Keywords :
Energy efficiency; integrated sensing and communication; massive multiple-input multiple-output; orthogonal frequency-division multiplexing; zero-forcing; Communications systems; Energy; Integrated sensing; Integrated sensing and communication; Massive multiple-input multiple-output; Multiple inputs; Multiple outputs; Orthogonal frequency-division multiplexing; Sensing systems; Zero-forcing; Computer Networks and Communications; Electrical and Electronic Engineering
Abstract :
[en] This paper explores the energy efficiency (EE) of integrated sensing and communication (ISAC) systems employing massive multiple-input multiple-output (mMIMO) techniques to leverage spatial beamforming gains for both communication and sensing. We focus on an mMIMO-ISAC system operating in an orthogonal frequency-division multiplexing setting with a uniform planar array, zero-forcing downlink transmission, and mono-static radar sensing to exploit multi-carrier channel diversity. By deriving closed-form expressions for the achievable communication rate and Cramér-Rao bounds (CRBs), we are able to determine the overall EE in closed-form. A power allocation problem is then formulated to maximize the system’s EE by balancing communication and sensing efficiency while satisfying communication rate requirements and CRB constraints. Through a detailed analysis of CRB properties, we reformulate the problem into a more manageable form and leverage Dinkelbach’s and successive convex approximation (SCA) techniques to develop an efficient iterative algorithm. A novel initialization strategy is also proposed to ensure high-quality feasible starting points for the iterative optimization process. Extensive simulations demonstrate the significant performance improvement of the proposed approach over baseline approaches. Results further reveal that as communication spectral efficiency rises, the influence of sensing EE on the overall system EE becomes more pronounced, even in sensing-dominated scenarios.
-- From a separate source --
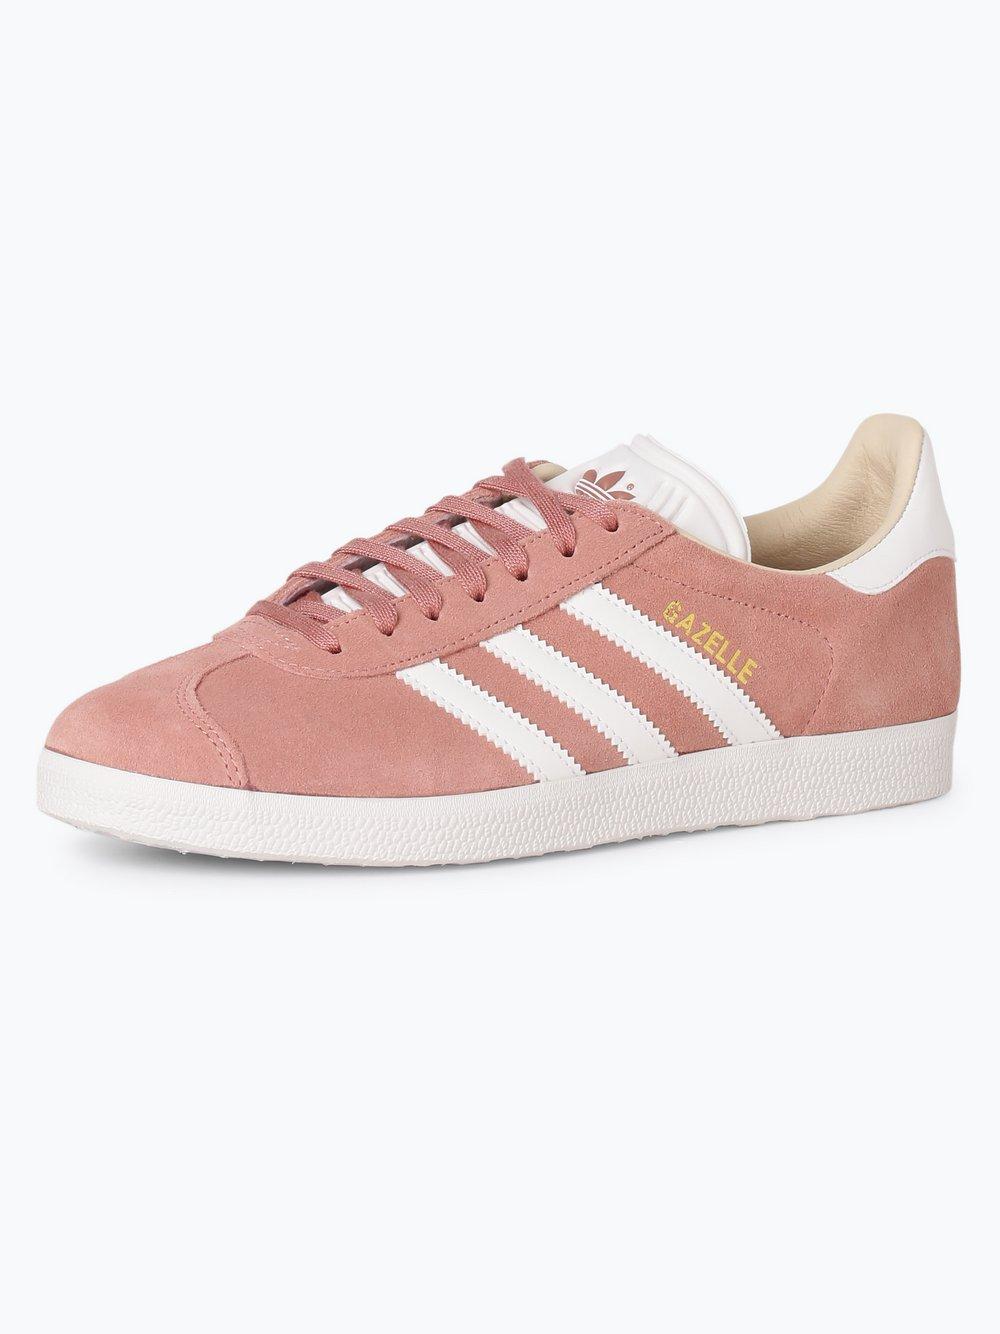 Obraz przedstawiający adidas Originals - Damskie tenisówki ze skóry – Gazelle, różowy

Specifically, in the high ω regime of 2 × 10-3, we observe a 16.7% reduction in overall EE when spectral efficiency increases from 4 to 8 bps/Hz, despite the system being sensing-dominated.
Funding text :
This research is supported by the project Sustainable Multifunctional Satellite Systems (SMS2) funded by Fonds National de la Recherche (FNR) under Contract C24/IS/18957132/SMS2, the Vietnam National Foundation for Science and Technology Development (NAFOSTED) under grant number 102.02-2023.43, the Research Council of Finland through 6G Flagship Program (grant no. 369116); project DIRECTION (grant no. 354901); project DYNAMICS (grant no. 367702), and project S6GRAN (grant no. 370561); CHIST-ERA through the project PASSIONATE (grant number 359817); the U.K. Research and Innovation Future Leaders Fellowships under Grant MR/X010635/1; a research grant from the Department for the Economy Northern Ireland under the US-Ireland R&D Partnership Programme; Seatrium New Energy Laboratory, Singapore Ministry of Education (MOE) Tier 1 (RG87/22 and RG24/24), the NTU Centre for Computational Technologies in Finance (NTU-CCTF), and the RIE2025 Industry Alignment Fund - Industry Collaboration Projects (IAF-ICP) (Award I2301E0026), administered by A*STAR. (Corresponding author: Van-Dinh Nguyen) H. T. Nguyen is with Smart and Autonomous Systems Research Group, Faculty of Information Technology, School of Technology, Van Lang University, Ho Chi Minh City, 70000, Vietnam. (e-mail: huy.nt@vlu.edu.vn).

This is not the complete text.